33. The method of claim 30, wherein the electrical periodic current administered to the patient is composed of unidirectional positive pulses, unidirectional negative pulses or streams of pulses which are alternatively negative or positive.

34. The method of claim 30, wherein the electrical periodic current administered to the patient is composed of pulses and has at least one of the following features:

the extinction duration (T₁) of the pulse is from 0.2 to 5-fold the rise duration (T₂) of the pulse,

the rise duration (T₁) is of at least 0.25 ms and the decrease duration (T₂) is of at least 0.25 ms,

the peak amplitude of the pulse is from −130 V to 130 V,

the base width of the pulse is from 0.5 ms to 30 ms, and

the period of the electrical current is from 100 ms to 5000 ms.

35. The method of claim 30, wherein the pulses of the electrical periodic current have an exponential-type waveform.

36. The method of claim 30, wherein the electrical periodic current is administered to the patient transcutaneously.

37. The method of claim 30, wherein the electrical periodic current is administered to the patient by a medical device for electrotherapy, comprising at least two electrodes disposed on the skin of the patient.

38. The method of claim 37, wherein the medical device for electrotherapy comprises at least four electrodes and wherein at least one electrode is disposed on each wrist and each calf of the patients.

39. The method of claim 27, wherein the patient is subjected to vascular electrical stimulation therapy after being rehydrated and/or after being administered with drug(s) selected from analgesics.

40. The method of claim 27, wherein the method further comprises administering an anti-inflammatory drug (NSAID) to the patient.

41. The method of claim 27, wherein the patient is subjected to one to four VEST sessions daily, each VEST session lasting from about 10 min to about one hour.
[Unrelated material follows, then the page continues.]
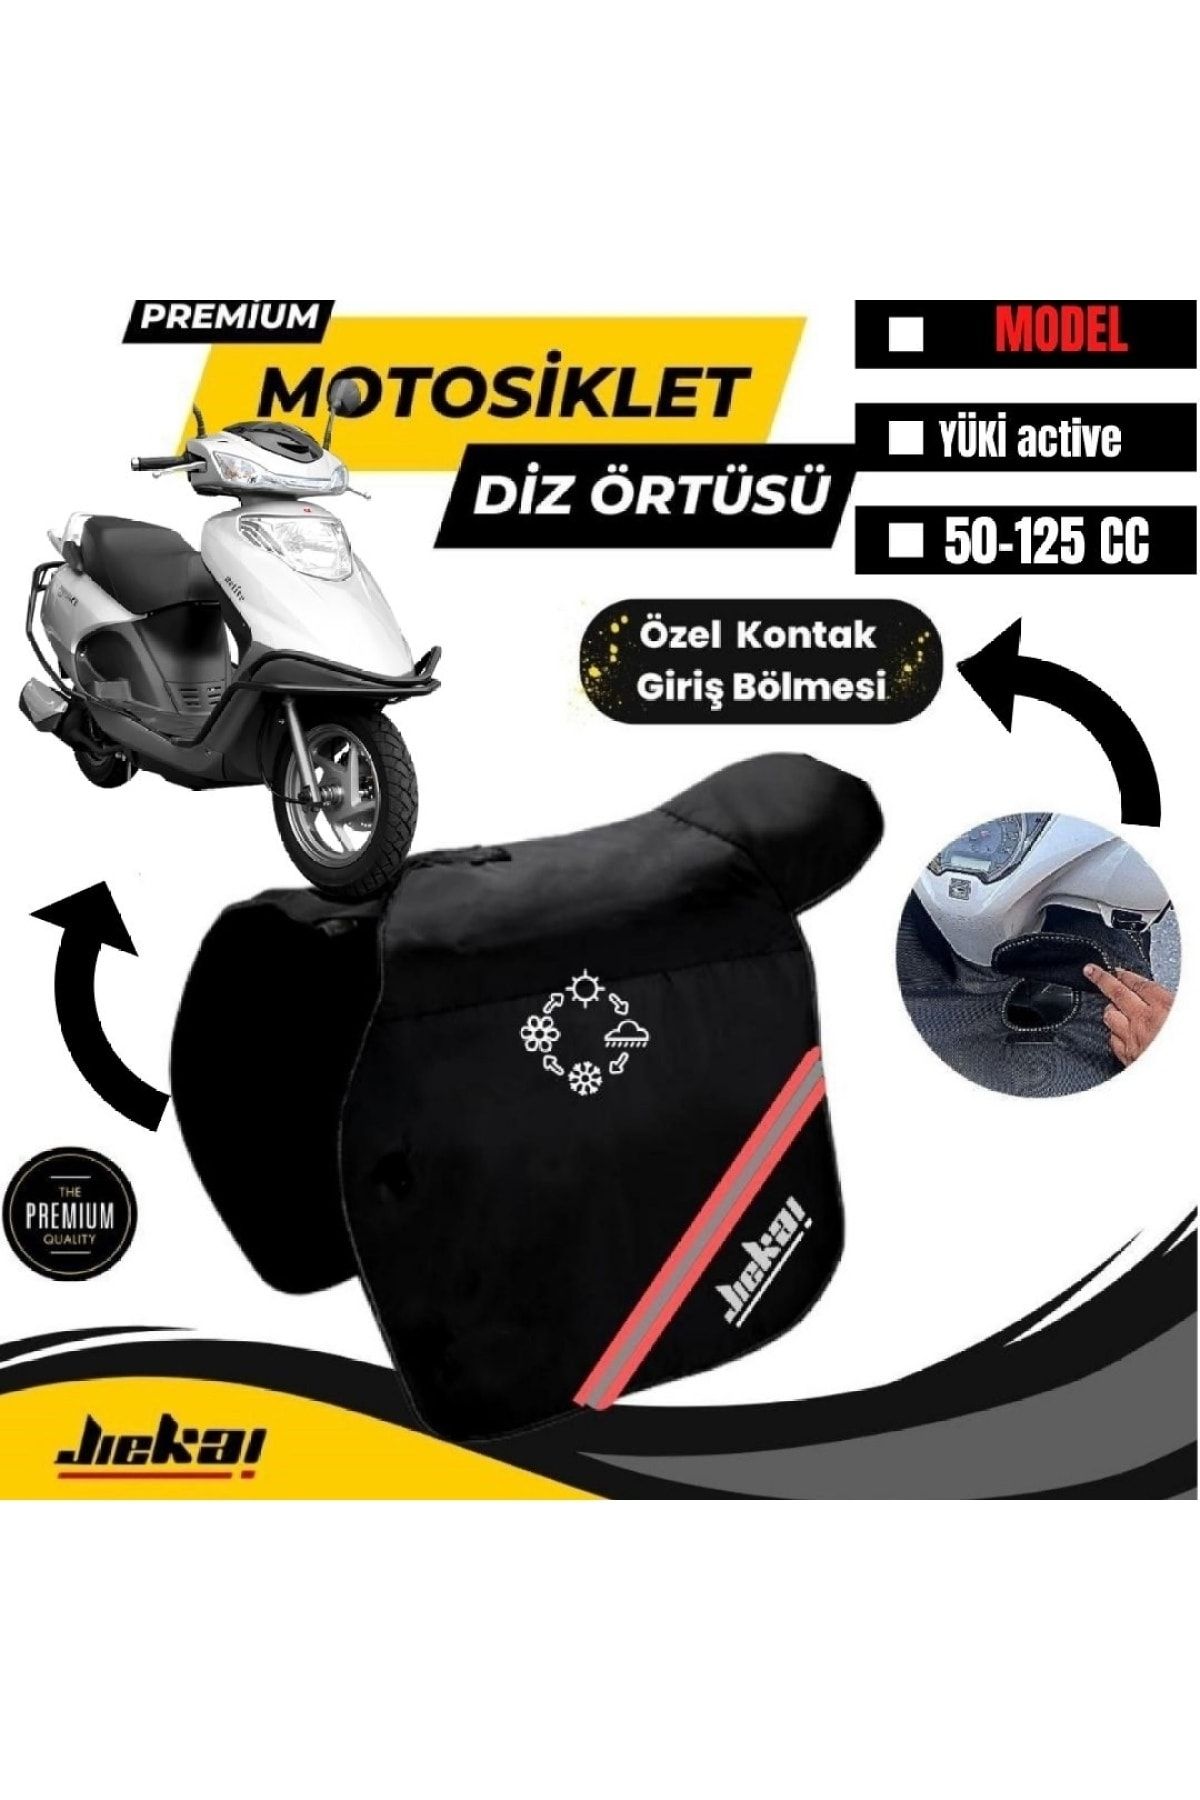 Motobros Yuki Actıva Motosiklet Diz Örtüsü Bacak Koruma Örtüsü Reflektörlü Su Ve Rüzgar Geçirmez

42. A method for improving the general condition of patient suffering from a hemoglobinopathy which comprises subjecting the patient to a long-term treatment with VEST.

43. The method of claim 42, wherein VEST is chronically administered to the subject transcutaneously for at least 3 months.

44. The method of claim 43, wherein the subject suffers from a sickle-cell disease and the symptom is selected from the group consisting of anemia, chronic pain, chronic fatigue, joint pain, rheumatism, breathlessness, priapism, hand-foot syndrome, splenic sequestration, and combinations thereof.

45. A method for treating or delaying the onset of one or several symptoms associated with a hemoglobinopathy in a patient, which comprises subjecting the subject to a long-term treatment with VEST.

46. The method of claim 45, wherein VEST is chronically administered to the subject transcutaneously for at least 3 months.